- Born: James Hill 9 August 1989 (age 37) Burntwood, Staffordshire, England
- Other name: jimmy0010
- Education: University of York (BA)
- Occupations: TV and radio host; YouTube personality;
- Years active: 2006–present
- Employers: Capital; 4Music;

= Jimmy Hill (broadcaster, born 1989) =

British TV presenter and YouTuber

James Hill (born 9 August 1989) is an English radio, television and YouTube personality who is best known for his work with 4Music and Capital. He currently hosts The Capital Evening Show with Jimmy Hill, which broadcasts across the Capital network from Sunday to Thursday from 7pm to 10pm.

==Early life==
Hill is from Burntwood, Staffordshire. He attended Chasetown High School. He has two half-sisters and two step-brothers. He graduated with a first-class Bachelor of Arts with Honours in History from the University of York in 2009.

==Career==
===YouTube===
Hill's first YouTube video, now private, was uploaded in 2006 to his main channel jimmy0010. In 2014, Hill made a joint channel Chels and Jim with Chelsea Fisher. From 2013 to 2015, Hill co-hosted The 4:01 Show with Carina Maggar, an advice-giving and pop culture web series. In 2015, Hill and fellow YouTuber Charlotte McDonnell (formerly Charlie McDonnell) began hosting Cereal Time, a YouTube-based breakfast talk show pitched and produced by Hank Green.

===Television and radio===
Hill made his television debut when he starred in the 2009 BBC Two documentary series Chartjackers. He also participated in the BBC Switch YouTube Takeover, The 5:19 Show, and Jimmy vs. the Penguin of Doom. Hill has done presenting work for BBC Radio 1Xtra and several companies, such as Burberry and British Airways. He hosted backstage coverage of Capital's Summertime Ball in 2014.

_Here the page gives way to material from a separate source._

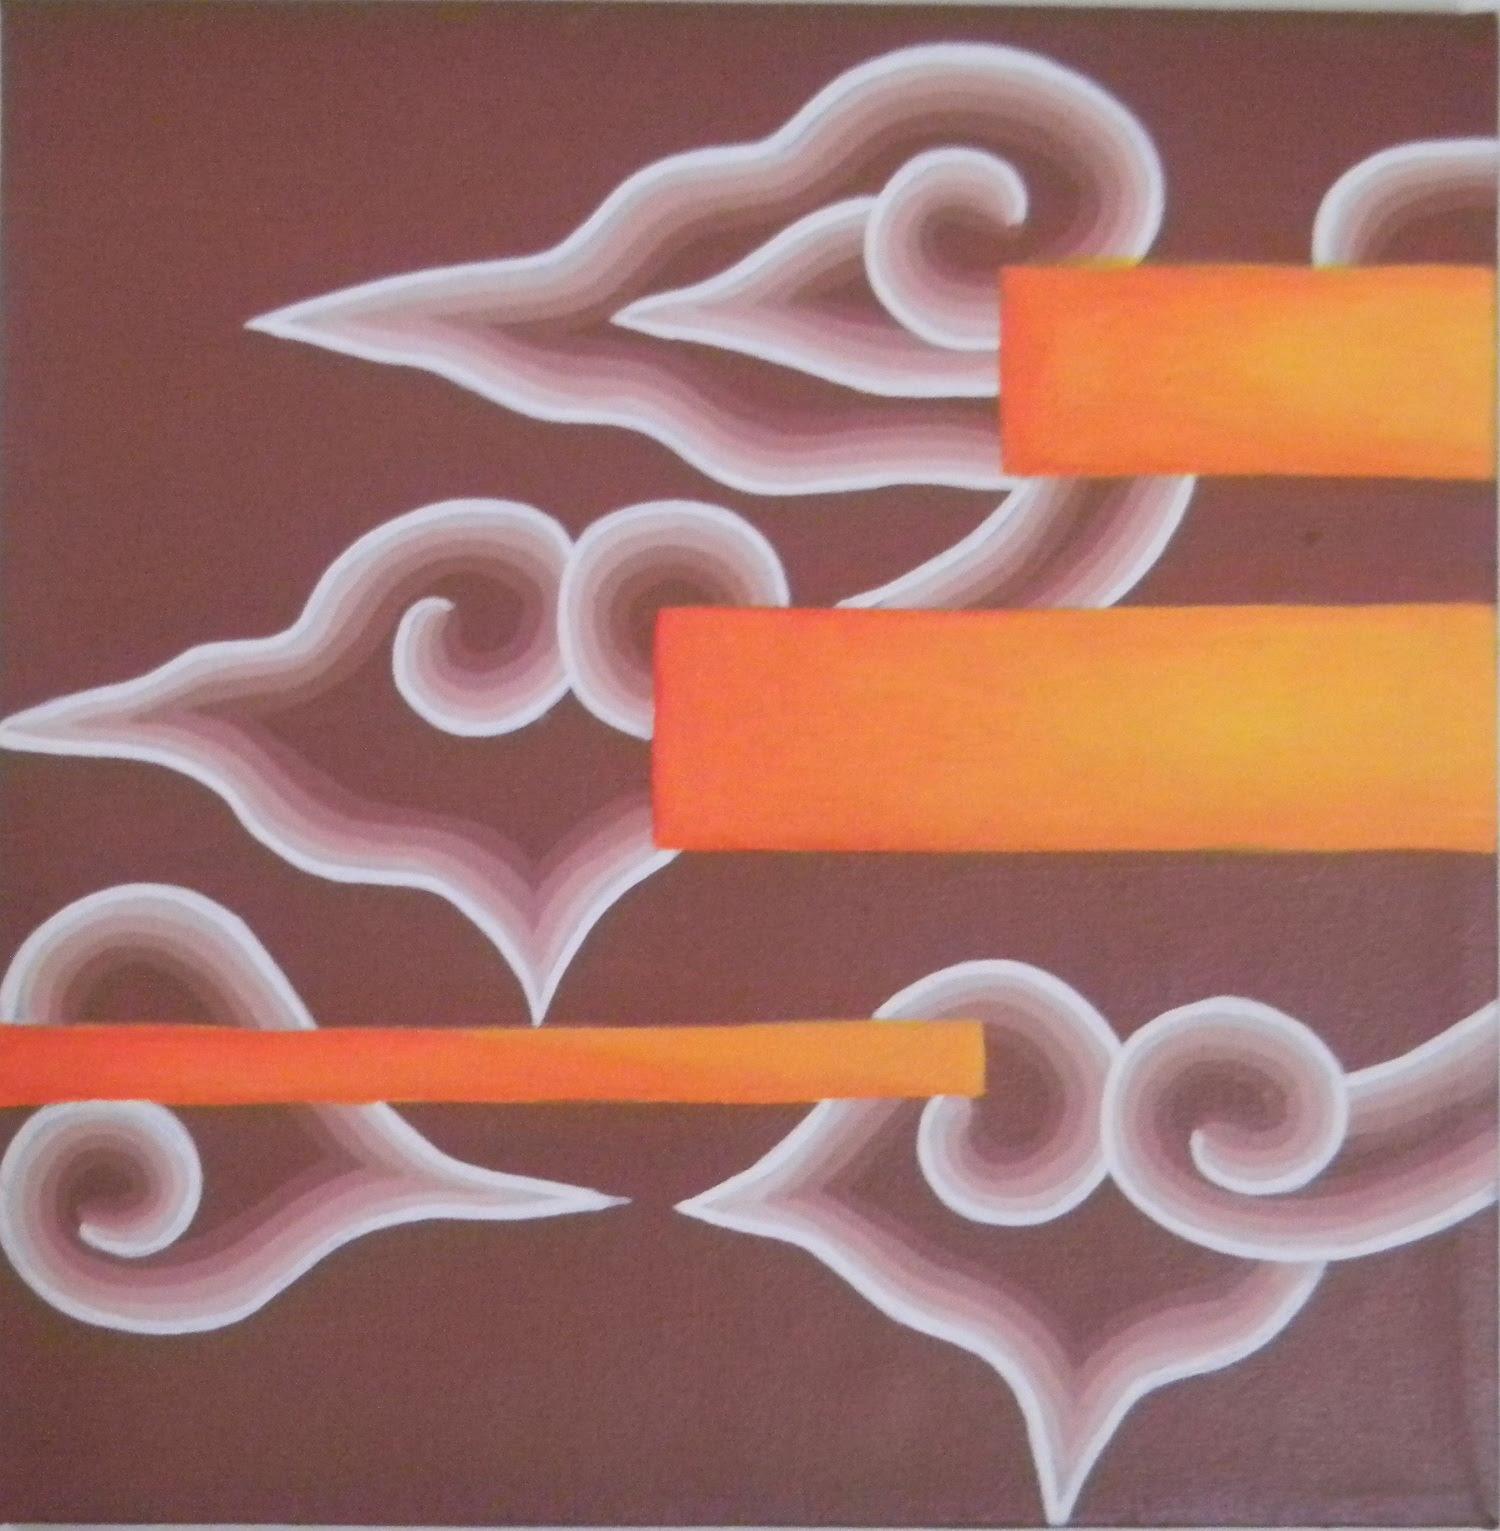 Daftar Gambar Mewarnai Batik Mega Mendung Png Gambarcoloring Website
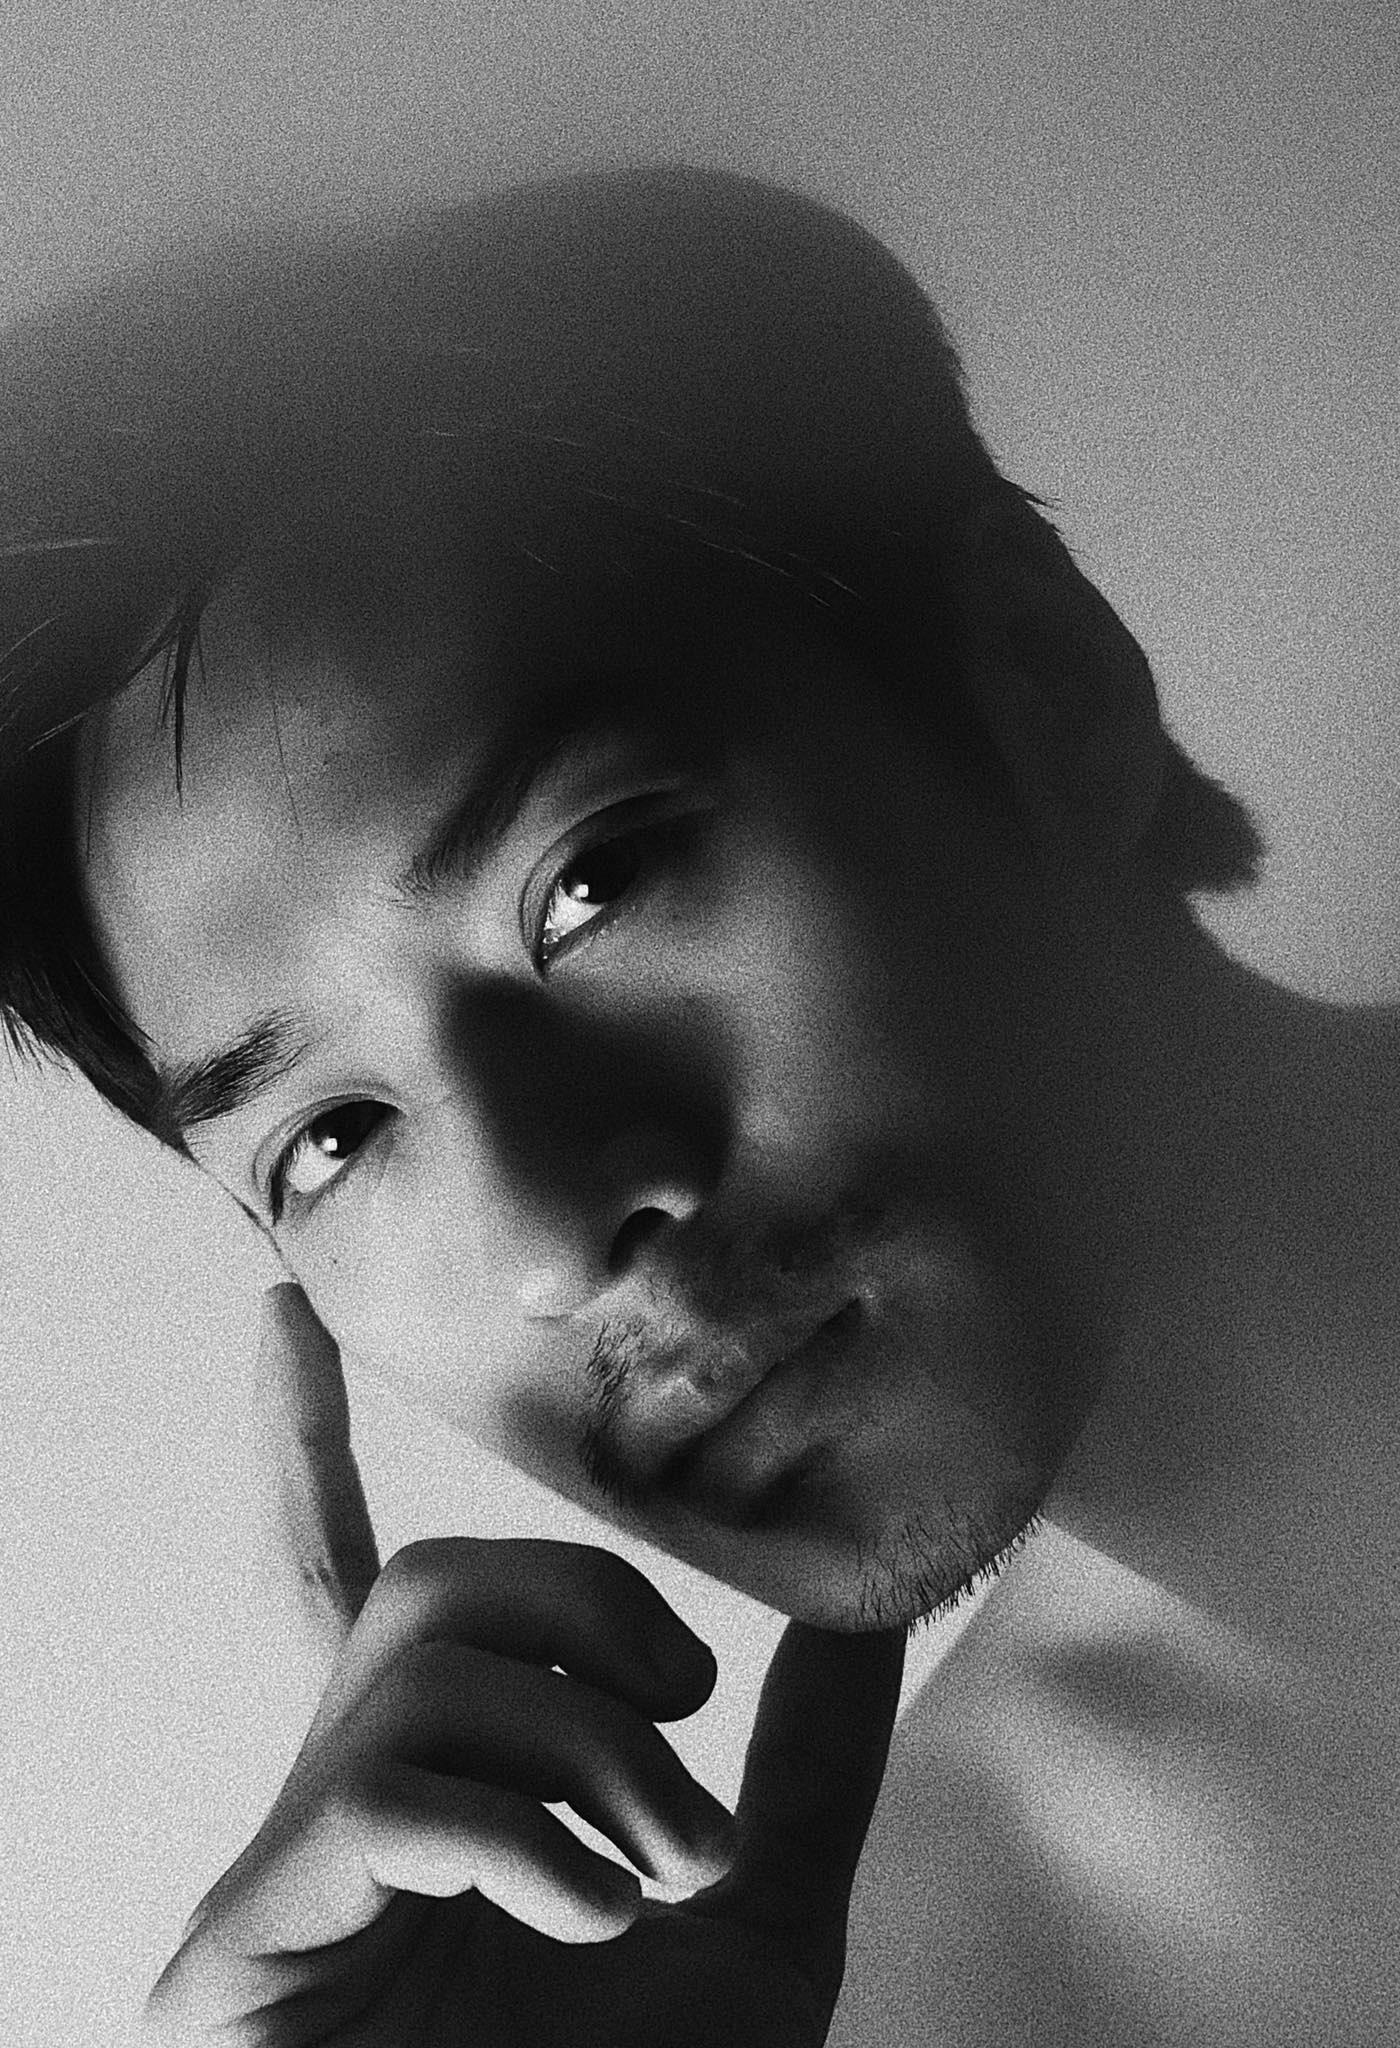 Ở nhà mùa dịch, Trần Nghĩa Mắt biếc lập tức thay đổi 180 độ: Để râu nam tính, khác xa hình ảnh thầy Ngạn thư sinh vẫn thấy! - Ảnh 4.

Hill began working with 4Music in 2015 when he hosted Stacked: Pop Up Pile. Hill hosted Trending Live!, a Monday-Thursday show about music and pop culture, with AJ Odudu and Vick Hope from 2015 to 2019. He also presented the Pop Powerlist 2016, UK Music Video Chart with Bethan Leadley, Fusion Festival, Breakers, #YouNews, and The UK Hotlist for the network.

In 2015, Hill starred in the Disney XD UK miniseries Mega Awesome Super Hacks alongside Oli White and Mawaan Rizwan.

Hill started his radio career with a gig on Radio X in late 2016 and early 2017. He covered Sunday mornings from 11am to 1pm before moving to Saturday and Sunday's 6 to 8am slot.

In 2017, Hill landed a show on Capital. Initially, he presented Sunday mornings from 9am to 12pm before moving to Sundays from 7pm to 10pm after a few months. He also presented events such as the Summertime Ball for the network. In 2019, The Capital Evening Show with Jimmy Hill, a weeknight show from 7pm to 10pm, was launched across the network. Hill also took over Saturday afternoons 4pm to 7pm at this time. At the start of 2021, Hill returned to Sunday evenings as his show got extended to Thursday. He left Saturday afternoons at this time and was replaced by Niall Gray.

===Podcast===
In 2018, Hill and Fisher hosted a true crime and supernatural podcast titled The Ghost Museum (formerly The Slab).

==Personal life==
Hill lives in North London. He is gay and came out publicly via a video on his YouTube channel in 2015. He has since opened up about several topics regarding sexuality.